| Task instructions |
Of the material below, the lines to be retyped are those from the line containing "Apple Watch with a cracked screen" through the line containing "rolled pancakes with", inclusive; reproduce them exactly.

| The data |
━━━

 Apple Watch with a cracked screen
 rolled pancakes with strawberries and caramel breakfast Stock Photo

━━━

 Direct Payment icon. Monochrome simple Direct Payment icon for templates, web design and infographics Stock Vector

━━━

| Response box |
 Apple Watch with a cracked screen
 rolled pancakes with strawberries and caramel breakfast Stock Photo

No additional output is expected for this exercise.